By clicking “Sign up for GitHub”, you agree to our terms of service and privacy statement. We’ll occasionally send you account related emails.

Already on GitHub? Sign in to your account

[BUG]: On windows _create_docker_build_ctx fails #4813

Closed
6 of 23 tasks
bjacobs1 opened this issue Sep 16, 2021 · 2 comments
Closed
6 of 23 tasks

[BUG]: On windows _create_docker_build_ctx fails #4813

bjacobs1 opened this issue Sep 16, 2021 · 2 comments
Labels
area/build Build and test infrastructure for MLflow area/docker Docker use anywhere, such as MLprojects and MLmodels area/examples Example code area/projects MLproject format, project running backends area/windows Issue is unique to windows. bug Something isn't working

Comments

@bjacobs1
Copy link

Thank you for submitting an issue.

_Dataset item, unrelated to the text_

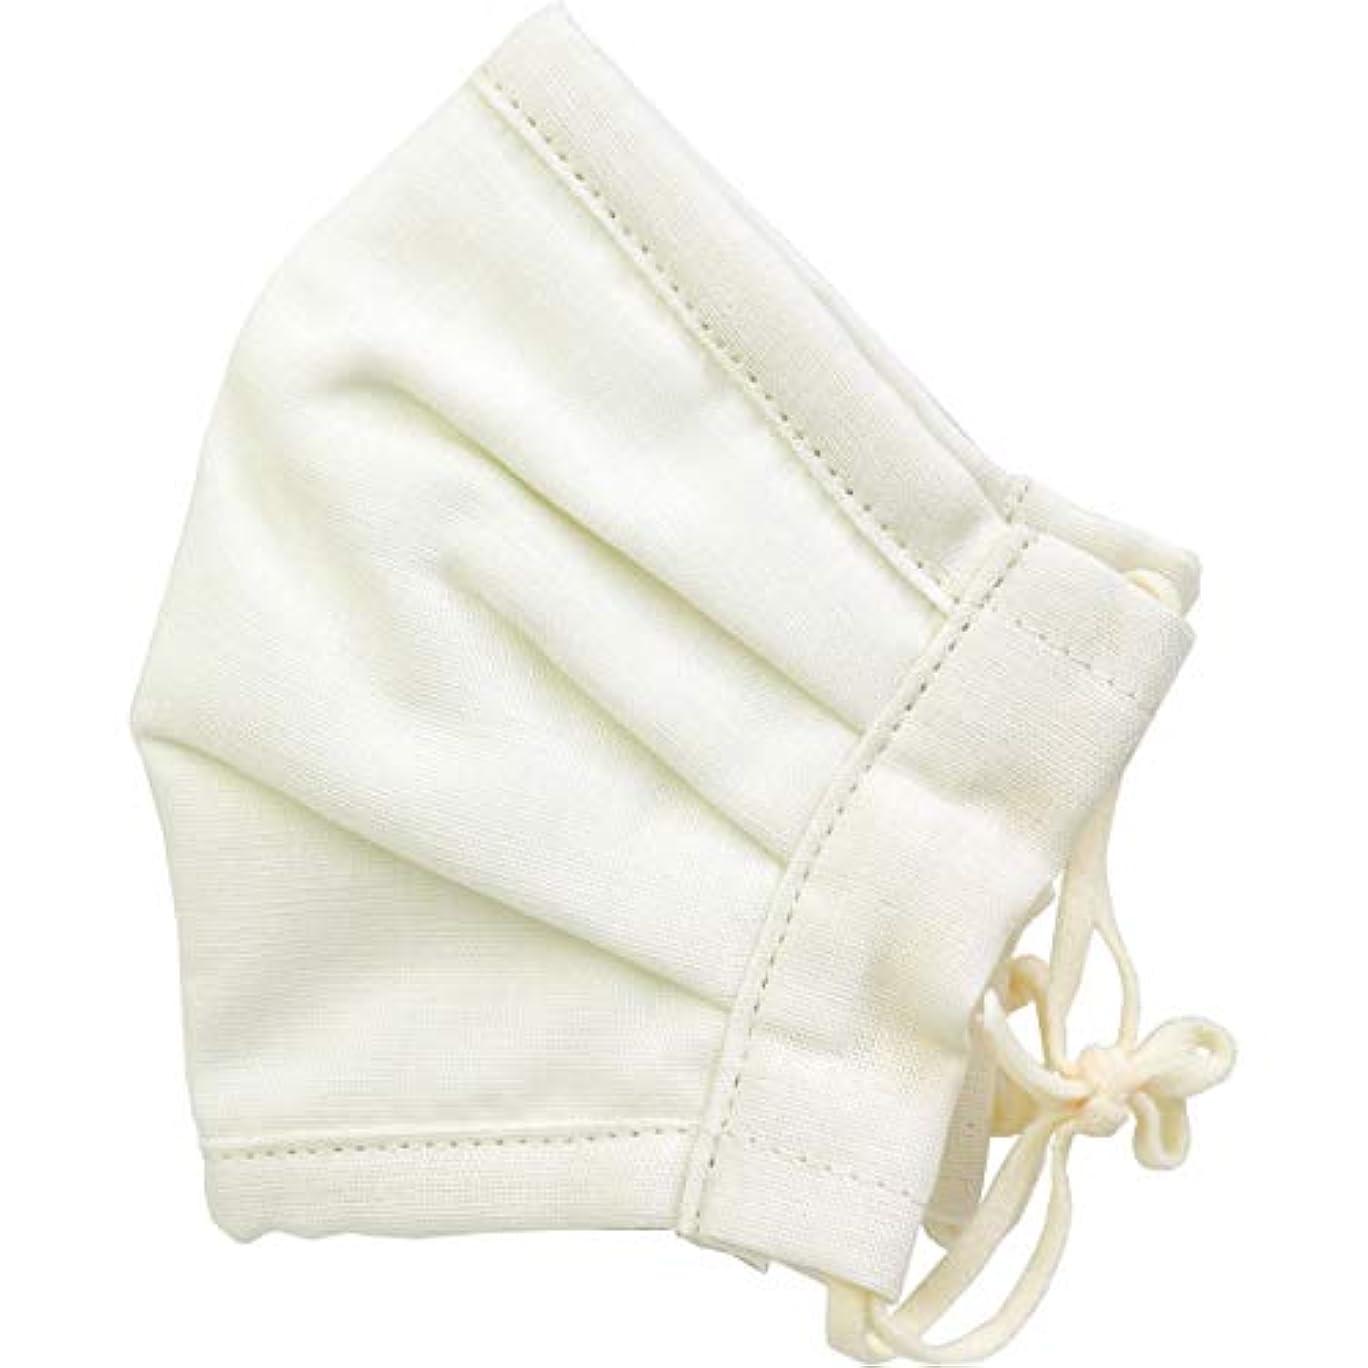 接ぎ木複数典型的なさらふわマスクダイヤドビー 敏感肌用 アイボリー ふつうサイズ 1枚入(単品)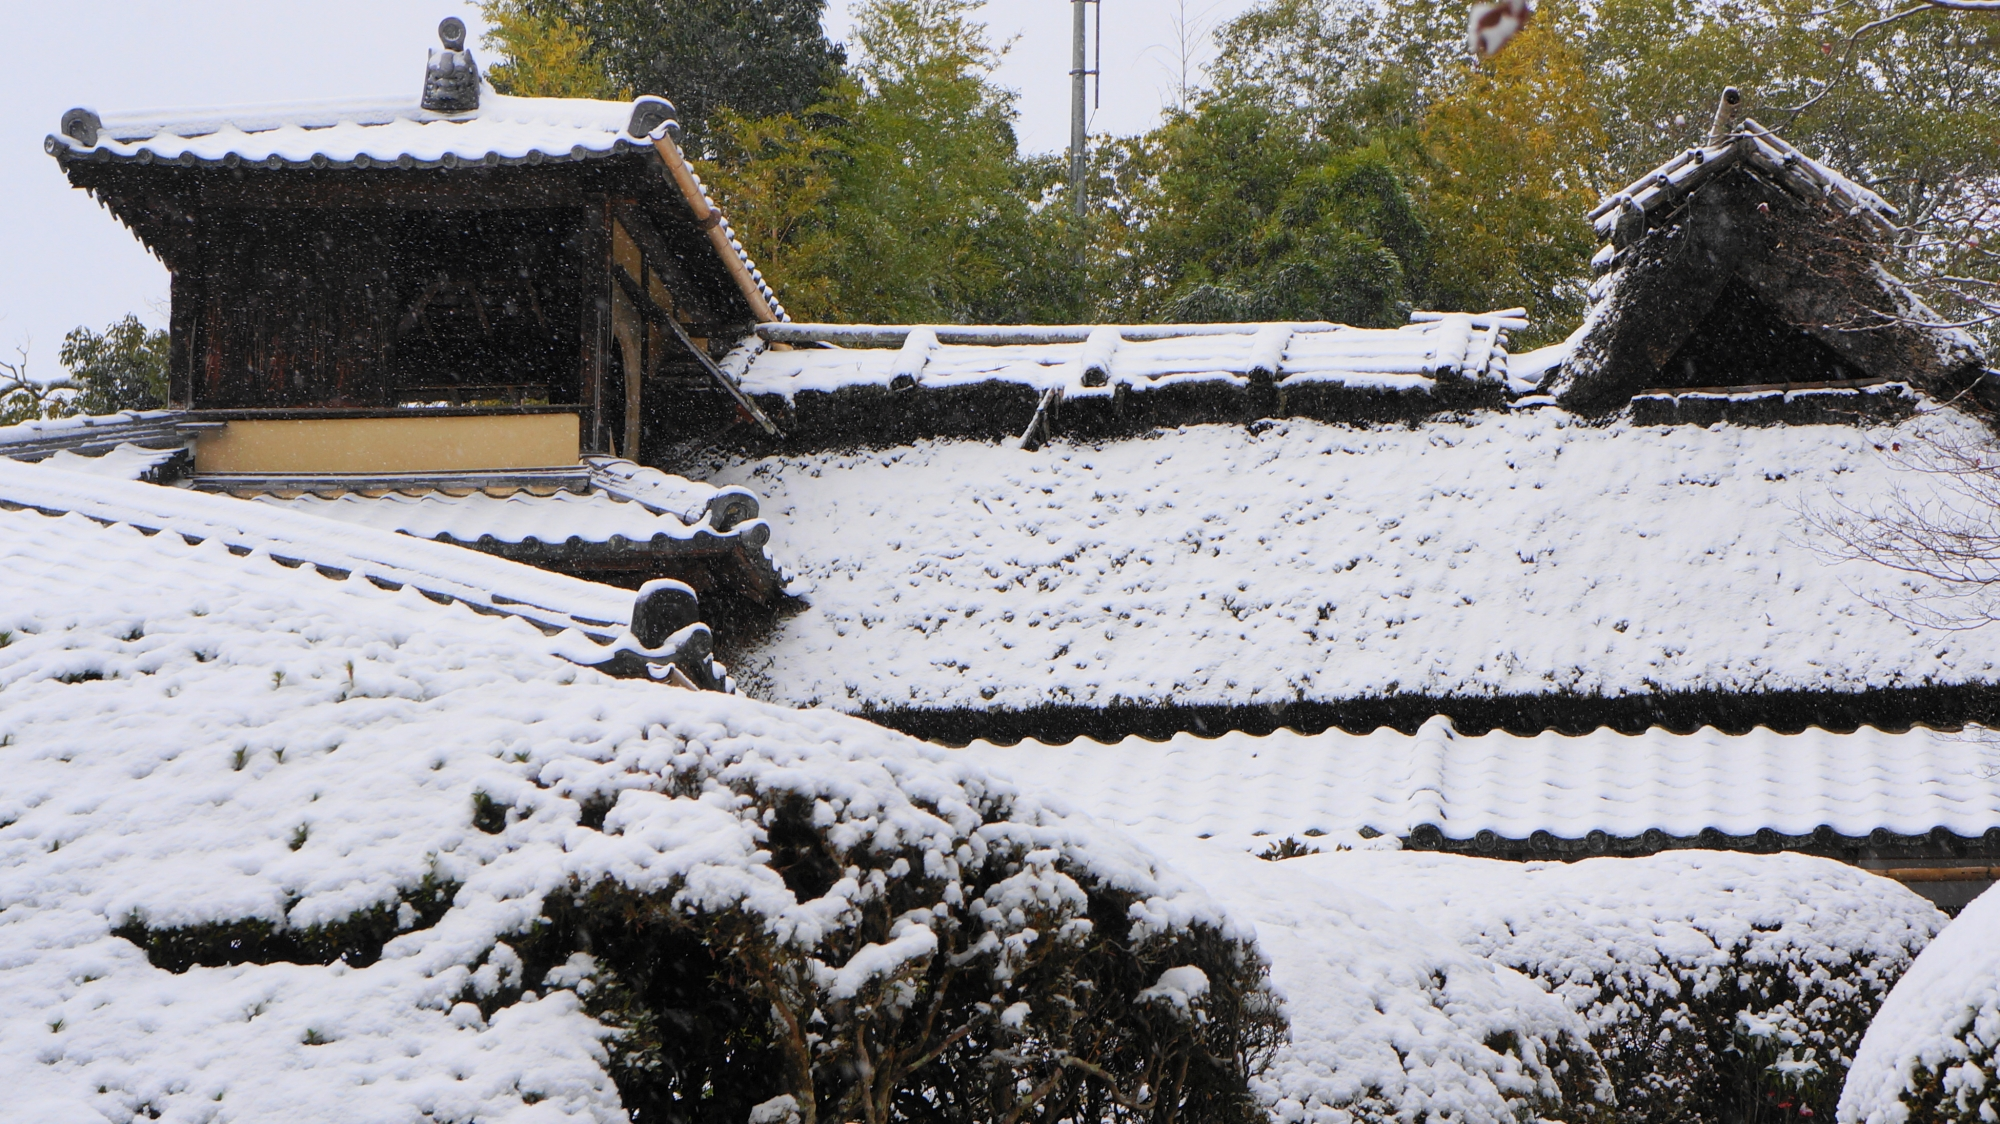 詩仙堂の見事な雪の嘯月楼

Please refer to our issue policy for additional information about bug reports. For help with debugging your code, please refer to Stack Overflow.

Please fill in this bug report template to ensure a timely and thorough response.

Willingness to contribute

The MLflow Community encourages bug fix contributions. Would you or another member of your organization be willing to contribute a fix for this bug to the MLflow code base?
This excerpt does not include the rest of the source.